Following a single intravenous administration, BG136 exhibited a fast elimination pattern in the bloodstream, with a half-life of 1.30 ± 0.42 h (Figure 5B and Table S5). Meanwhile, BG136 was rapidly and non-targetedly trafficked to bodily tissues via systemic circulation (Figure 5C). Subsequently, 72.17 ± 9.59% of the administered dose was excreted in the urine in its parent form via renal excretion within 3 days (Figure 5D). The investigation of a compound’s in vivo persistence is pivotal for evaluating drug efficacy and safety. Previous findings indicated that mice pretreated with β-glucan for 28 days retained anti-tumor activity [31,38]. Yet, few studies have investigated the long-term distribution of polysaccharides in vivo. To figure out whether BG136 accumulates in the body over extended periods, we collected kidneys at 3-, 7-, 14-, and 28-day post-administration for examination. As shown in Figure 5E, BG136 remained detectable at 28 days, confirming its prolonged in vivo disposition and suggesting potential long-term effects.
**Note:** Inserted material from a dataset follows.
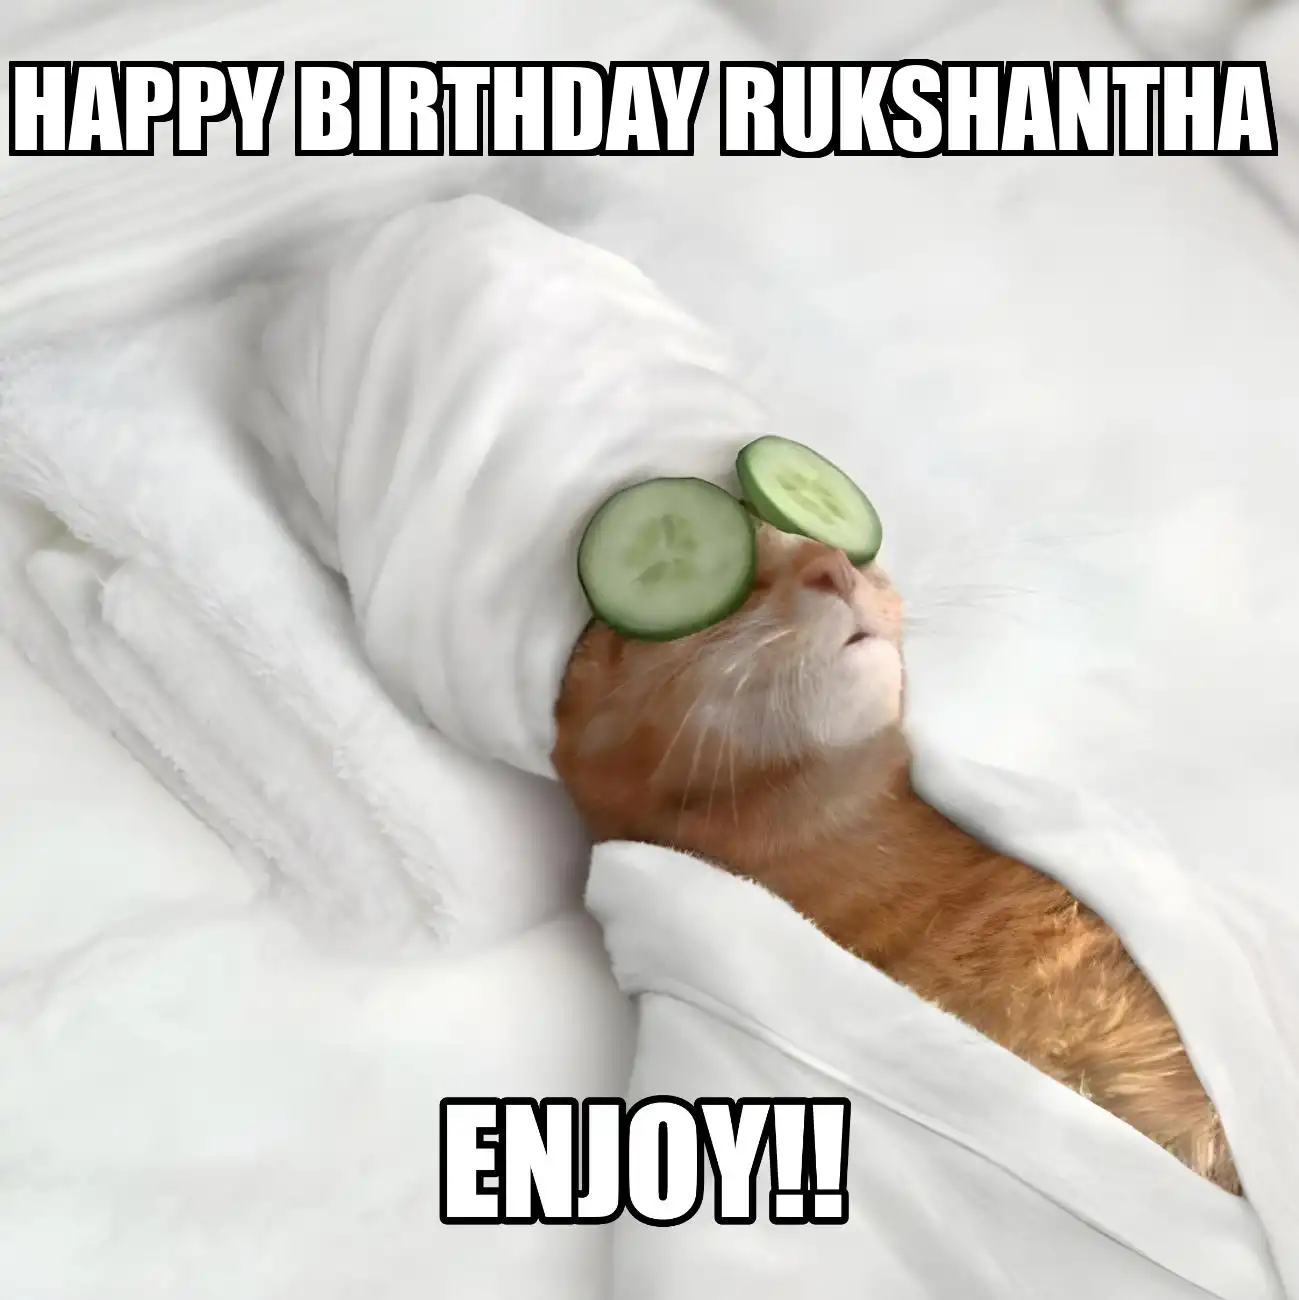 Happy Birthday Rukshantha Enjoy Cat Meme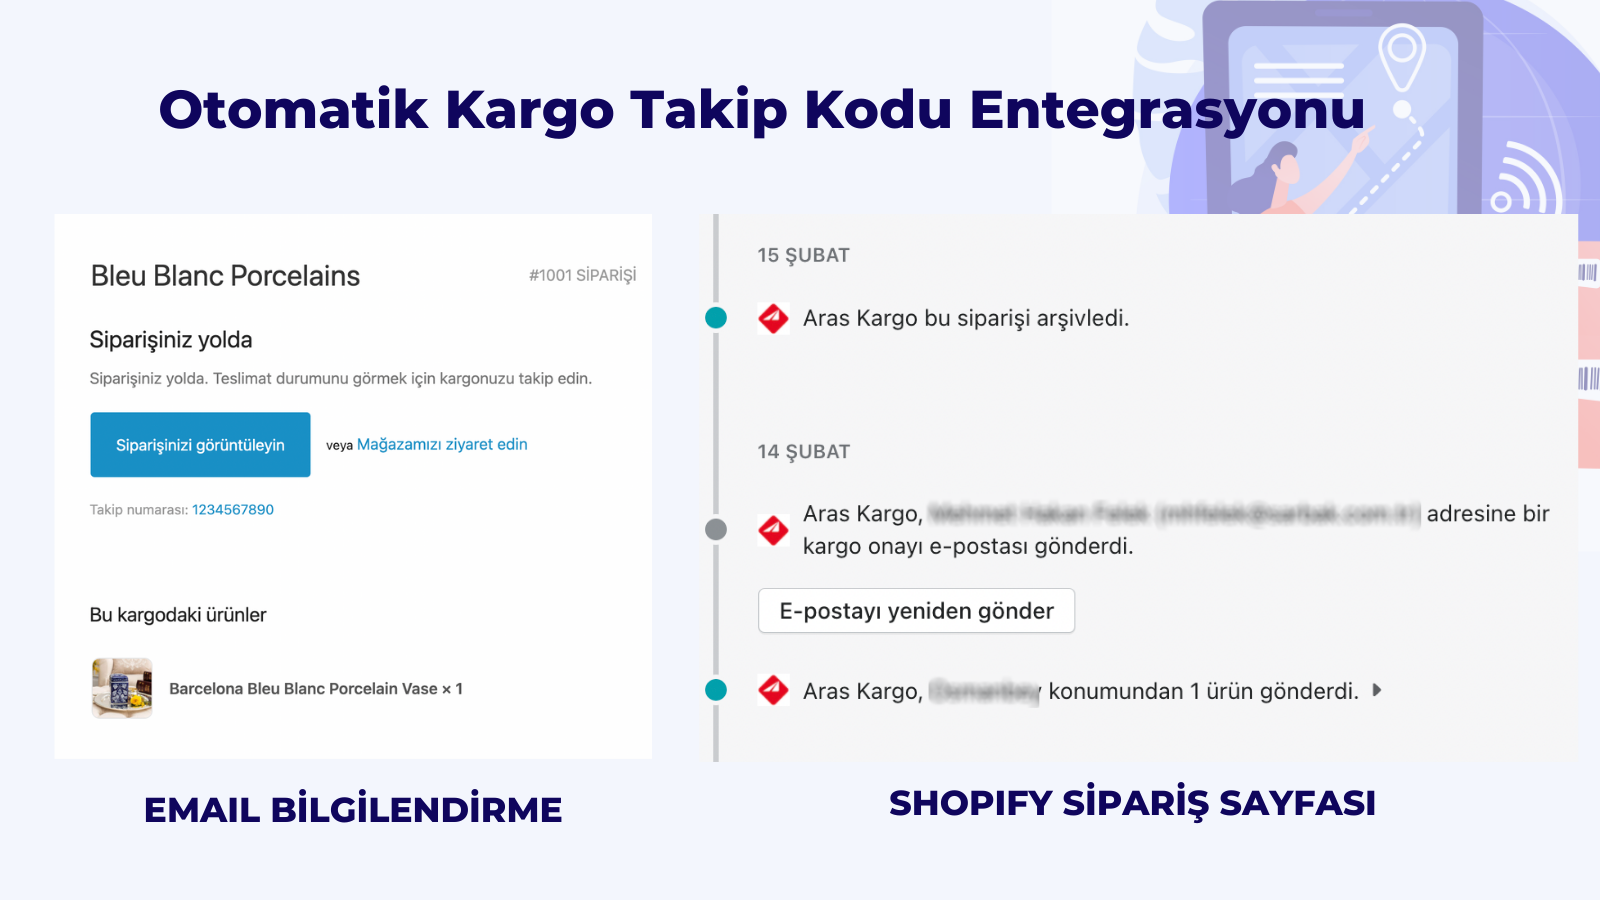 Shopify Aras Kargo Entegrasyon Otomatik Kargo Takip Kodu

Since BG136 is excreted through urine, its form in urine can provide direct insight into its in vivo metabolism. As shown in Figure S1, BG136 is mainly eliminated in its unchanged, parent form; however, it remains unclear whether trace amounts of BG136 undergo degradation in vivo. Identifying oligosaccharides resulting from the metabolism of BG136 in biological samples using mass spectrometry poses a significant challenge. This is largely due to the substantial interference from neutral oligosaccharides in biological matrices, coupled with the anticipated low abundance of oligosaccharides derived from BG136 metabolism. To address these issues, we employed an AMAC pre-column derivatization strategy to assess the potential trace degradation of BG136 in vivo. Following a single intravenous administration of 10 mg/kg (2 mg for females and 2.8 mg for males), BG136-derived pentasaccharides and hexasaccharides occurred in urine. Over a 48-h period, their cumulative yields were measured at 2.17 ± 0.99 μg and 5.38 ± 2.17 μg (Figure S5), respectively.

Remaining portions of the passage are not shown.